[Exercise data Boundary: Start]
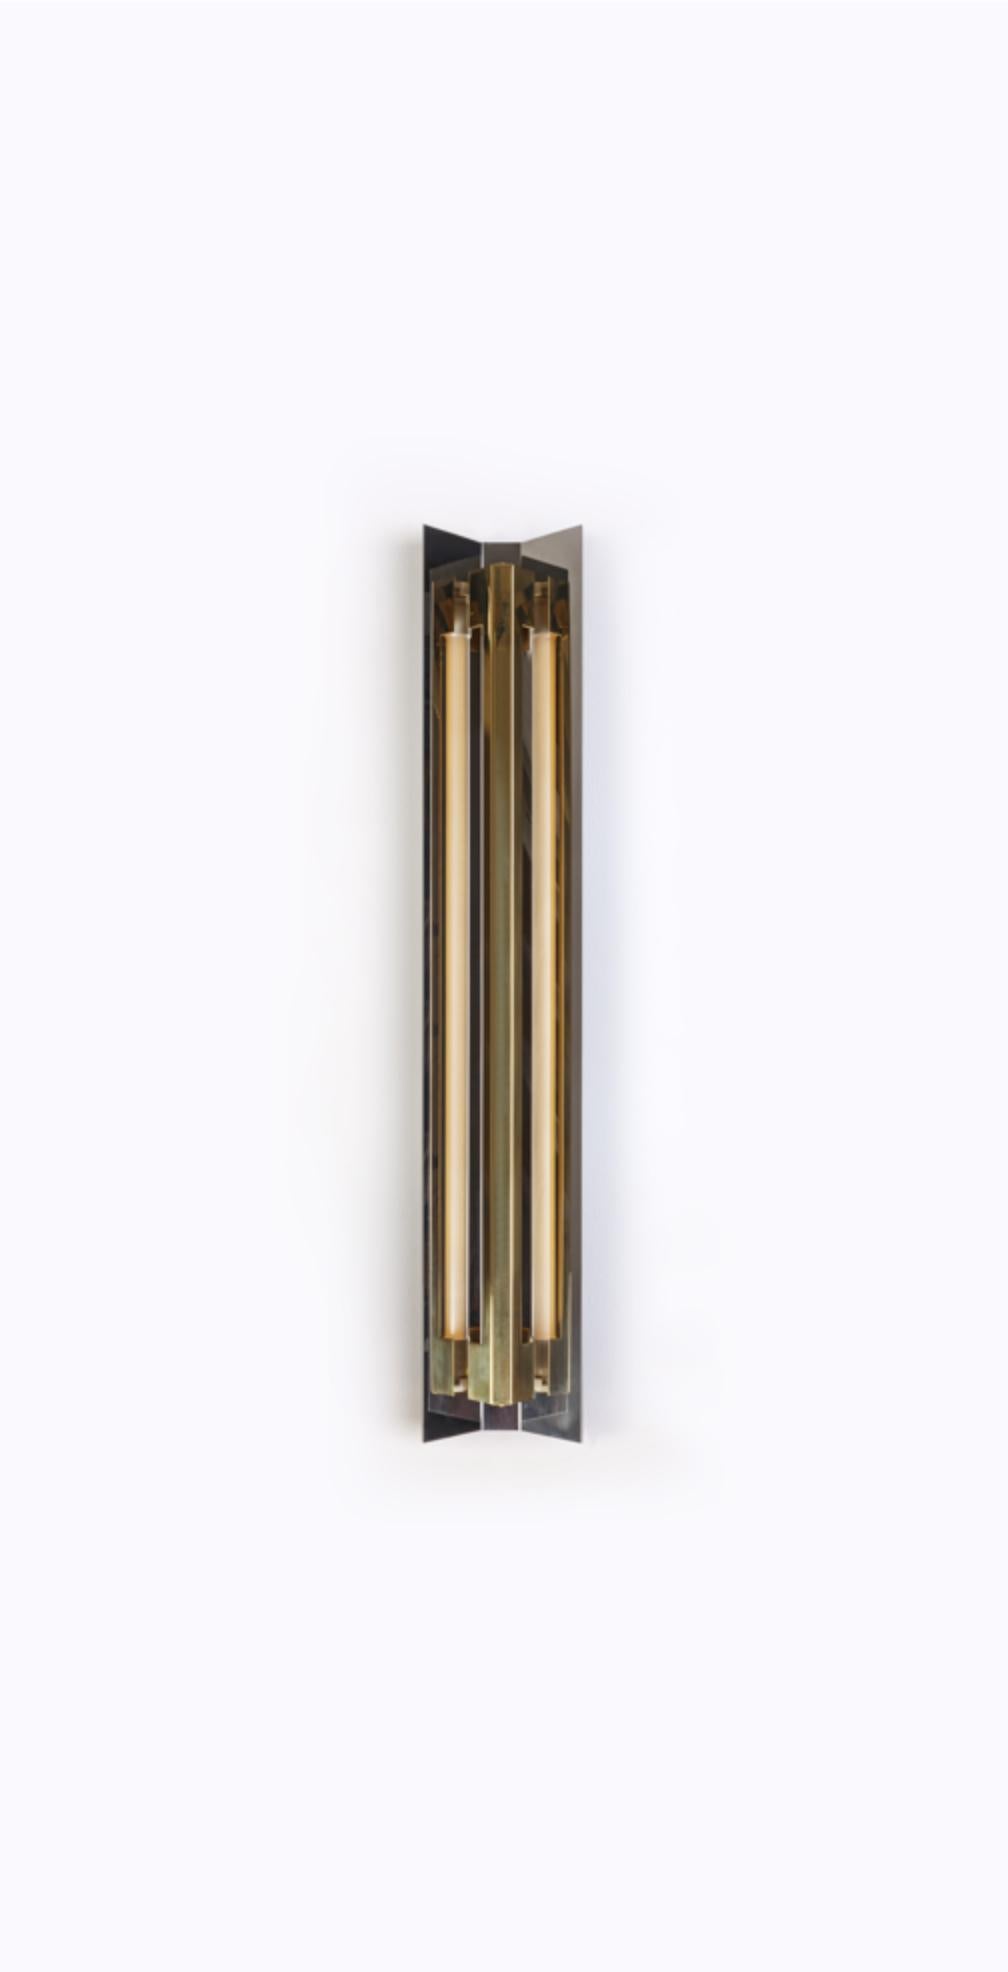 Small Misalliance solid brass wall light by Lexavala.
Dimensions: D 16 x W 70 x H 8 cm
Materials: Brass.

There are two lenghts of socket covers, extending over the LED. Two short are to be found in Suspended and Surface, and one long in the
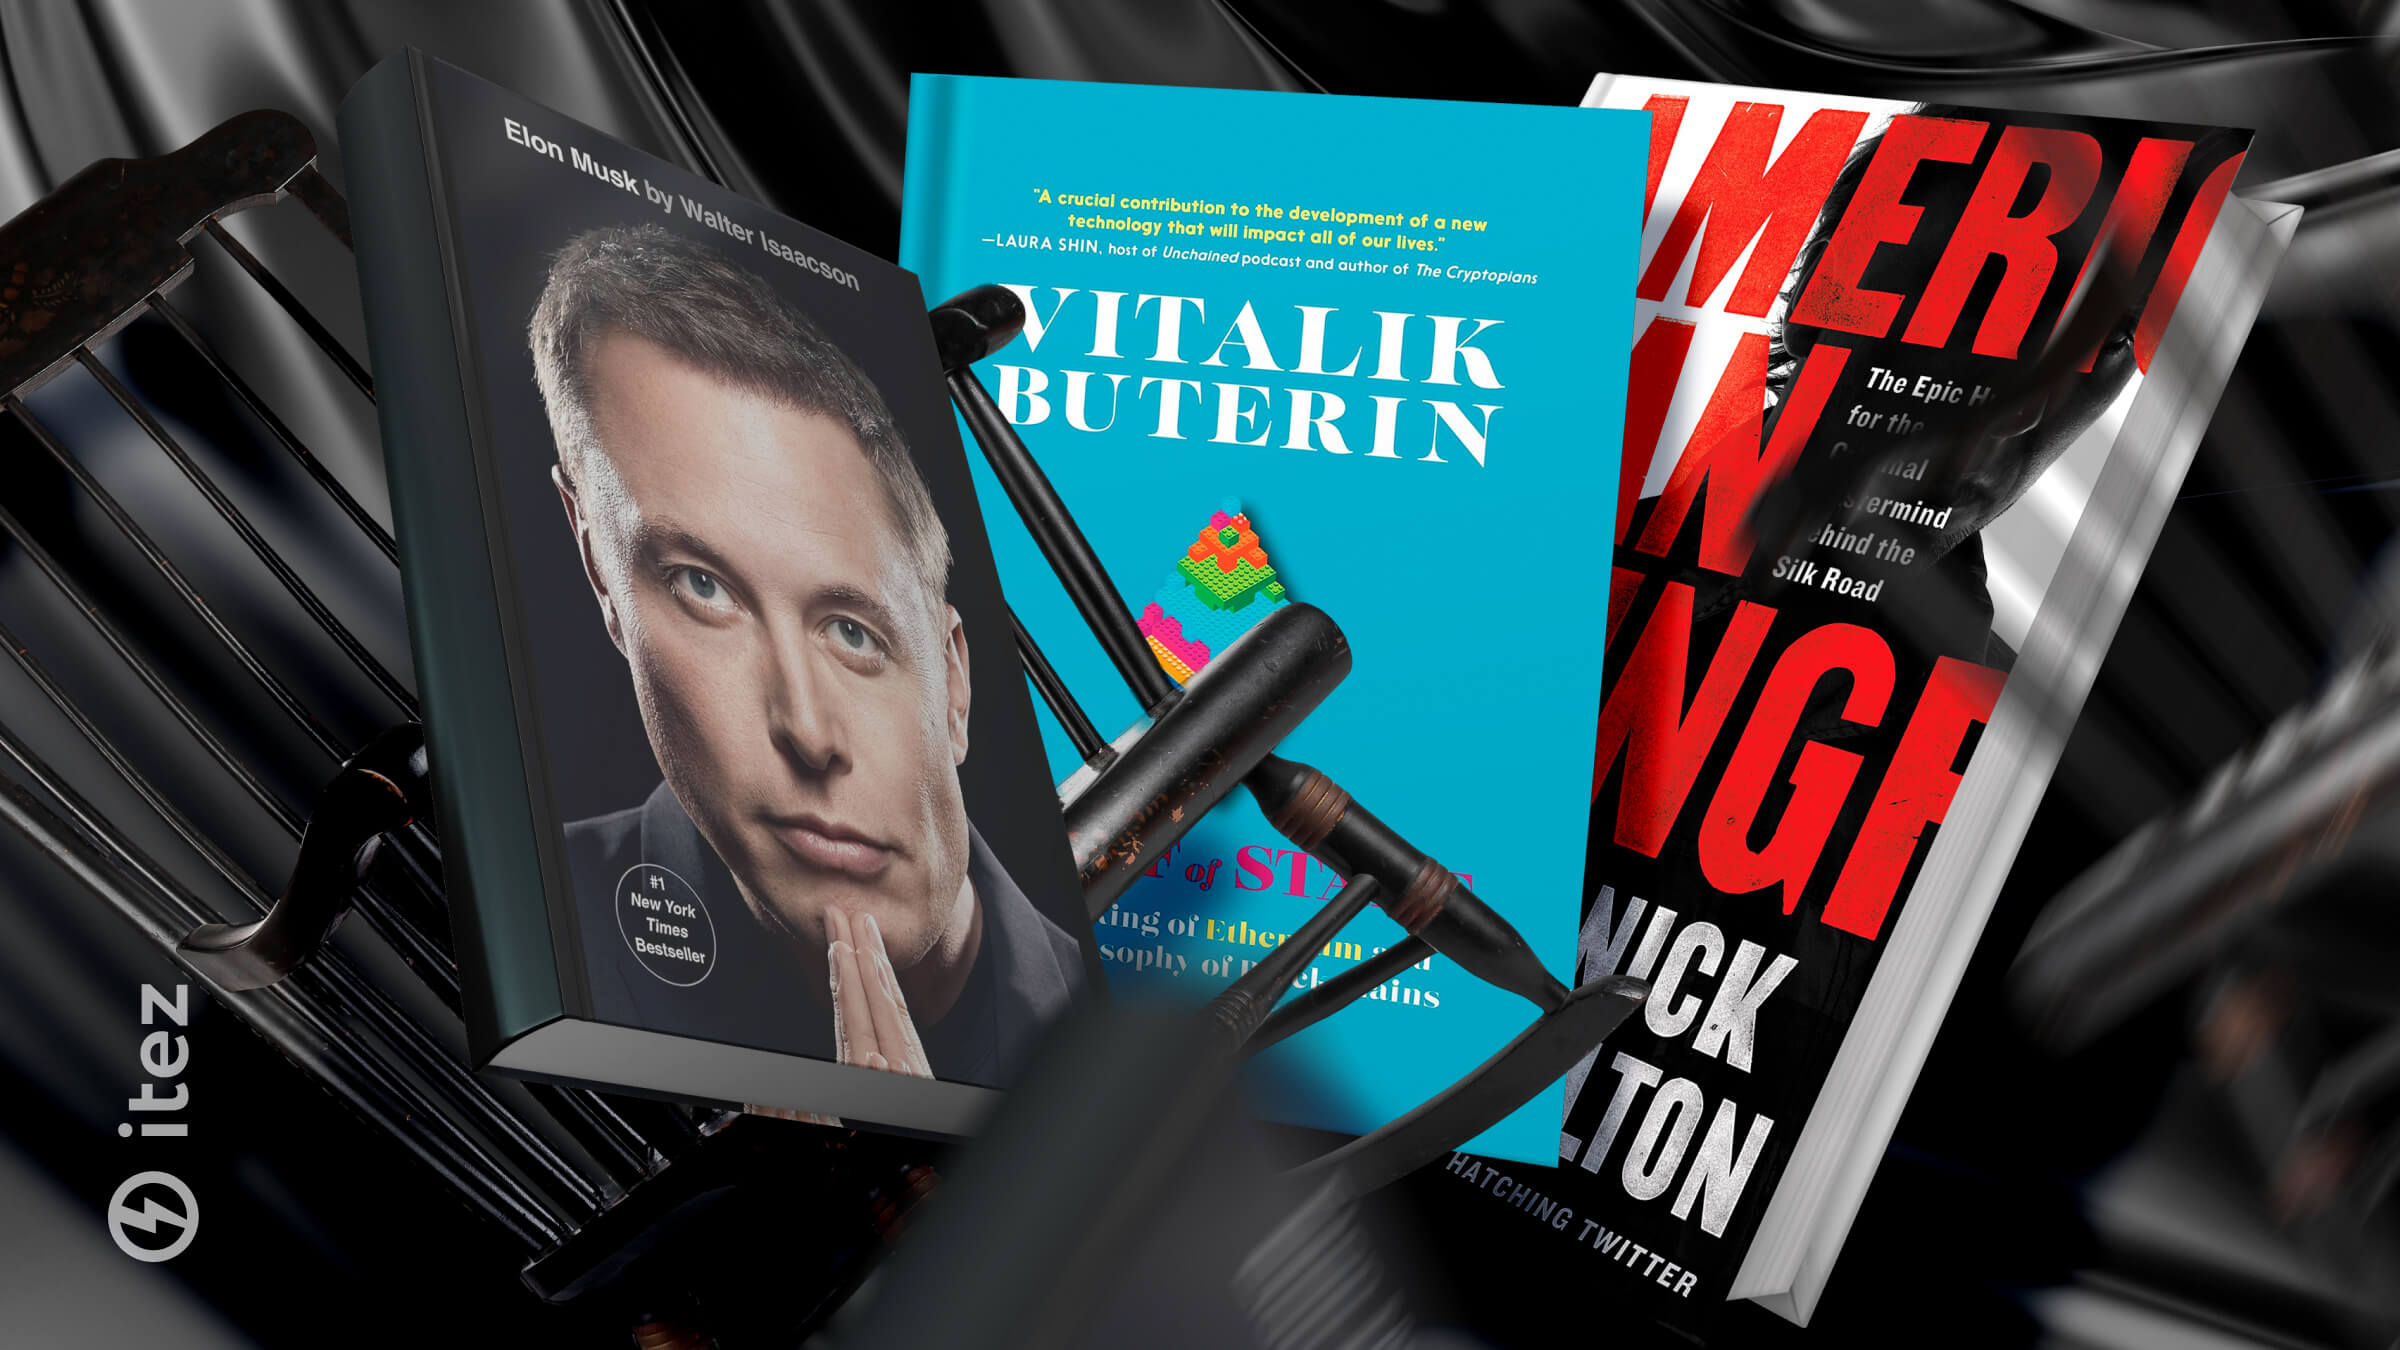 Musk, Buterin, and Ulbricht: 3 books about crypto enterprisers
[Exercise data Boundary: End]
**Task details**
Only the lines from the one with "There are two" through the final line of the entries belong in the answer, set down exactly, with both ends included and no pictures.

**Output of the exercise**
There are two lenghts of socket covers, extending over the LED. Two short are to be found in Suspended and Surface, and one long in the
 Musk, Buterin, and Ulbricht: 3 books about crypto enterprisers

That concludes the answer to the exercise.